11/03/2013
Coffee Capped on Low Roaster Inventory as Brazil Delivery Starts
BLOOMBERG (USA)
Coffee prices are set to stay low as roasters are buying less than usual, rules allowing Brazilian coffee to be delivered in New York come into force and a record global crop compensates for leaf rust losses in Central America.
While countries in Central America and Mexico may lose 4 million to 5 million bags to leaf rust next season, coffee will trade between $1.40 a pound and $1.60 a pound for the next 12 months, said Ricardo Villanueva, president of the private sector committee at the International Coffee Organization. He correctly forecast in September that futures would drop to $1.40 a pound by February and March this year. Arabica for May delivery was little changed at $1.43 a pound in New York.
Coffee roasters hold stockpiles to meet their needs for two to three months, said Keith Flury, an analyst at Rabobank International in London.

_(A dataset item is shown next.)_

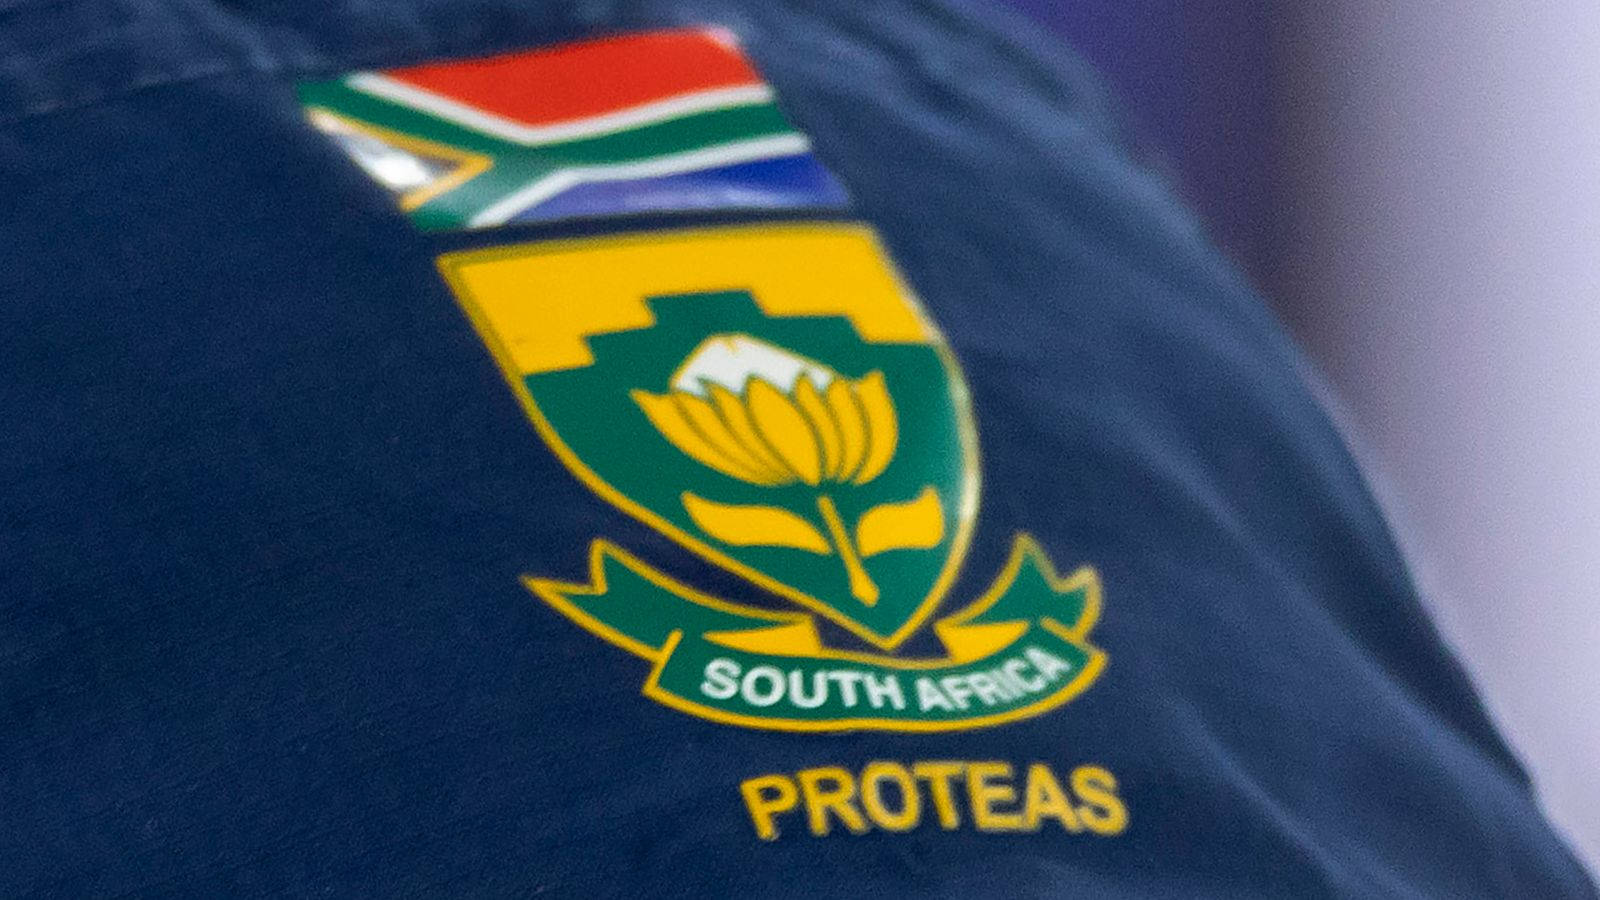 South Africa Cricket Logo In Shirt Wallpaper

Their holdings are usually higher than that in years when trees in leading grower Brazil enter the lower-yielding half of its cycle, he said. Global coffee output will climb to a record 144.4 million bags in the season started Oct. 1 in most countries, the London-based ICO estimates. ICE Futures U.S. started accepting Brazilian beans this month.

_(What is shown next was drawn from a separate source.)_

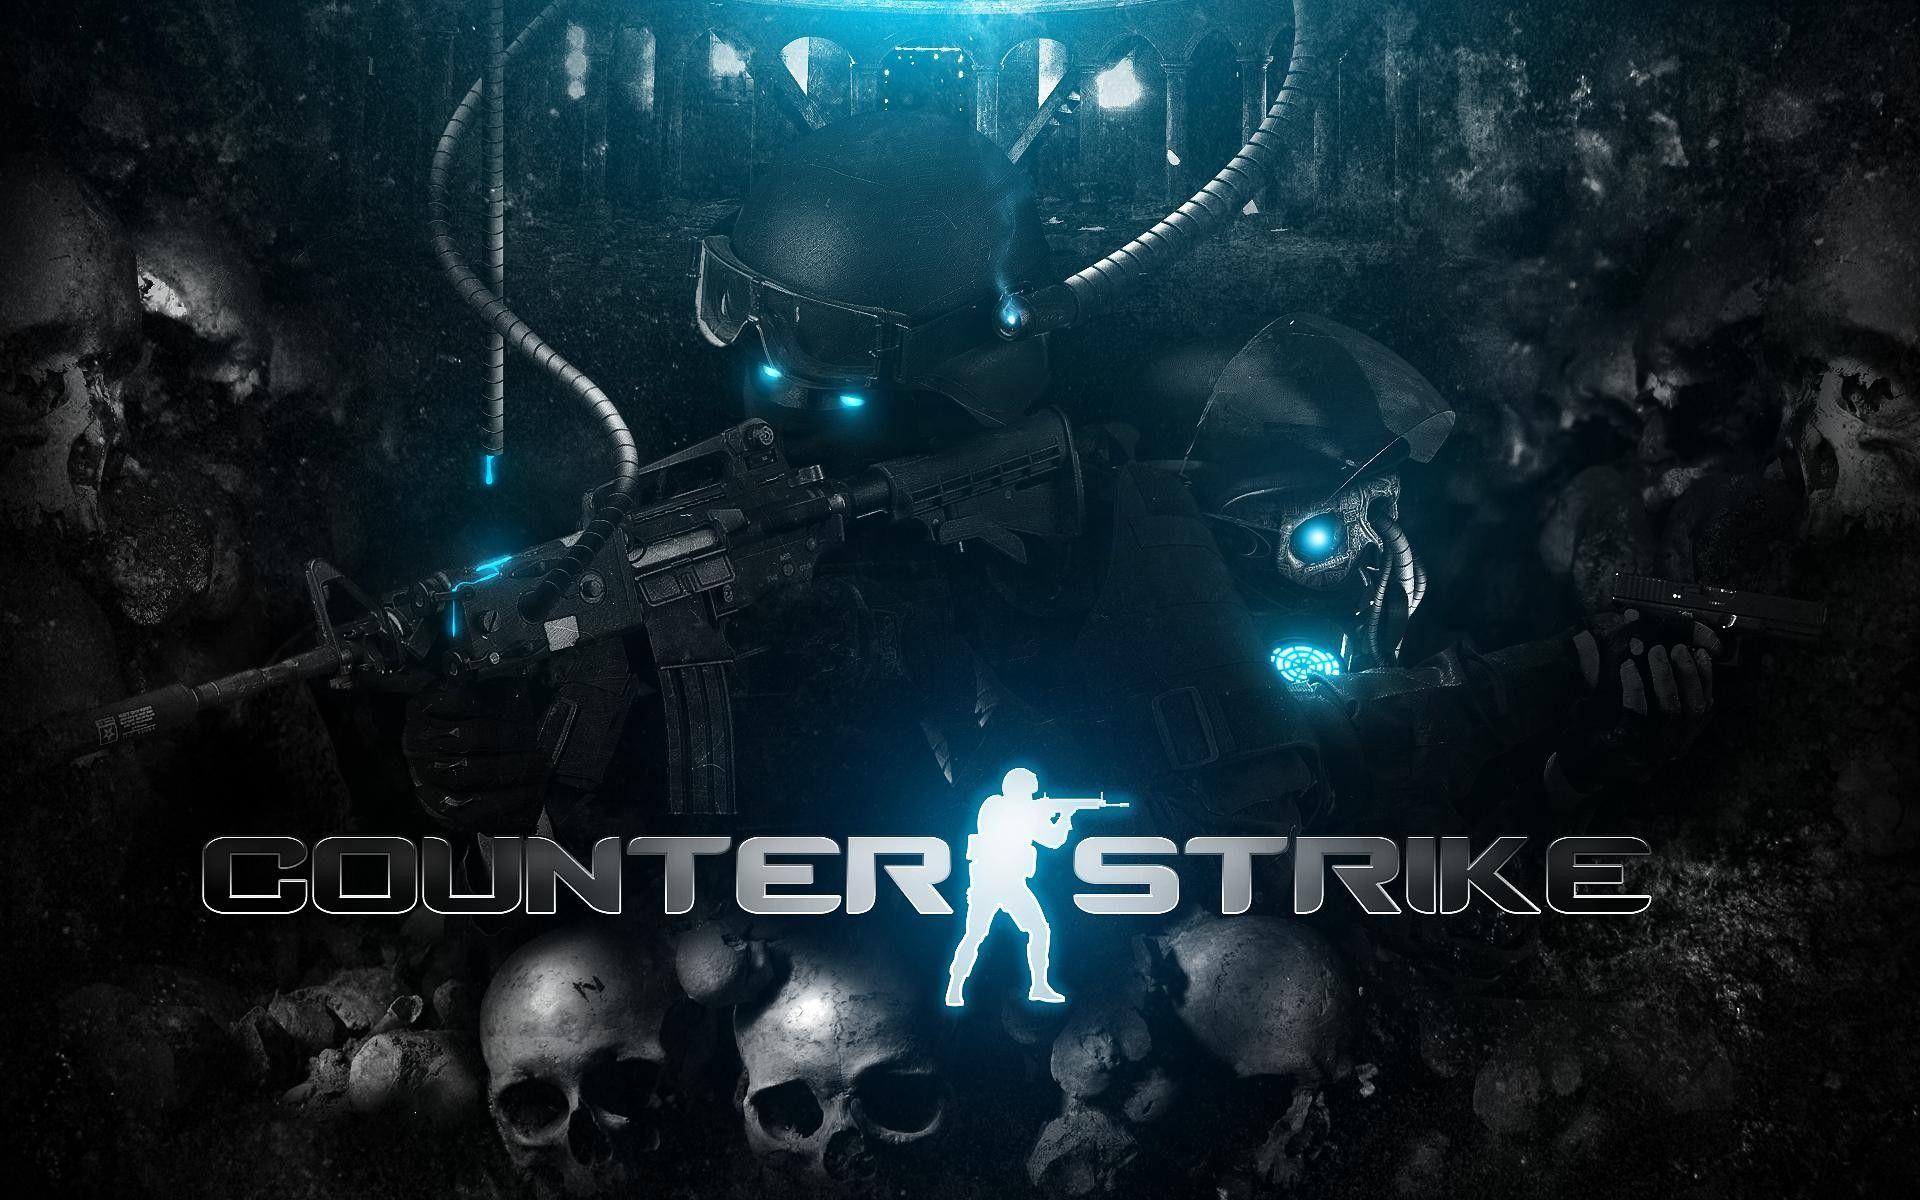 Counter Strike wallpapers ·① Download free beautiful full HD

“It’s a buying strategy. People are buying less to keep prices low. They are buying to roast in a month,” Villanueva said in an interview at the ICO’s offices in London on March 5. “As Brazil will start to deliver to the exchange in March 2013, this could keep prices at a low level.”
Arabica coffee futures have dropped 0.6 percent this year after falling 37 percent in 2012, the most in more than a decade. The beans favoured by Starbucks Corp. (SBUX) were the worst performer in the Standard & Poor’s GSCI gauge of 24 commodities last year as stockpiles climbed to the highest since 2010.
ICE Delivery
At the moment, it’s not advantageous for producers in Brazil to deliver to ICE as they are getting better prices in the physical market, said Flavio Ribeiro, a broker at Flavour Coffee in Rio de Janeiro. There have been no Brazilian beans sent for grading yet, Claire Miller, a London-based spokeswoman for the exchange, said by phone from London yesterday. That may change when beans from this year’s crop start entering the market, Ribeiro said. Brazil’s arabica harvest starts in June.
Growers in Brazil will reap 47 million to 50.2 million bags of coffee this year, a record for a year in which trees enter the lower yielding half of the two-year cycle, the government’s crop forecasting agency Conab estimates. That follows a record 50.8 million bags during the on-year half of the cycle in 2012. Stockpiles in Latin America’s biggest economy were 28.4 million bags as of Jan. 1, 20 percent higher than a year earlier, according to exporter Terra Forte Exportacao e Importacao de Cafe Ltda.
Colombia Crop
Bigger crops in Brazil and Colombia, the second-biggest arabica producer, will help compensate for losses in Central America and Mexico for now, Mauricio Galindo, head of operations at the ICO said in an interview at the organization’s offices on March 5. Colombian coffee production will gain 30 percent to 10 million bags this year, Luis Genaro Munoz, the head of the National Federation of Coffee Growers, said last month.
“The supply and demand is in balance,” Rodolfo Trampe, executive coordinator of Mexico’s coffee association, Amecafe, said in an interview in London yesterday. “You have probably 48 million to 50 million bags in Brazil, you have good output in Vietnam, Colombia is slowly recovering.”
Countries in Central America and Mexico may need 10 years to recover from leaf rust, ICO’s Galindo said. The fungus, which attacks foliage, is damaging crops that are at higher-than- normal altitudes and is more resistant than in previous cases, Villanueva said.
Coffee Substitution
Losses in Central America and Mexico will probably not cause arabica coffee futures in New York to rally as roasters replace these beans with supplies from Brazil, Colombia and some African nations, Amecafe’s Trampe said. Roasters are adapting to the new supply and demand environment, he said.
“This phenomenon of leaf rust is generating producers’ expectations of a significant reaction in prices,” Trampe said. “I’m not in favor of saying that all production will be lost and that prices will be $3.00 a pound. It’s not going to happen.”
Futures may start rising in a year as supplies from Brazil will not be enough to make up for leaf rust losses, according to Villanueva. Prices will rise to an average $1.70 a pound by the third quarter, Rabobank International estimated yesterday.
“By December or January the availability of Central American coffee will start to drop sharply,” Villanueva said. “There will be 5 million bags less in a year and it’s not possible that there won’t be a reaction.”
A bag of coffee weighs 60 kilograms (132 pounds).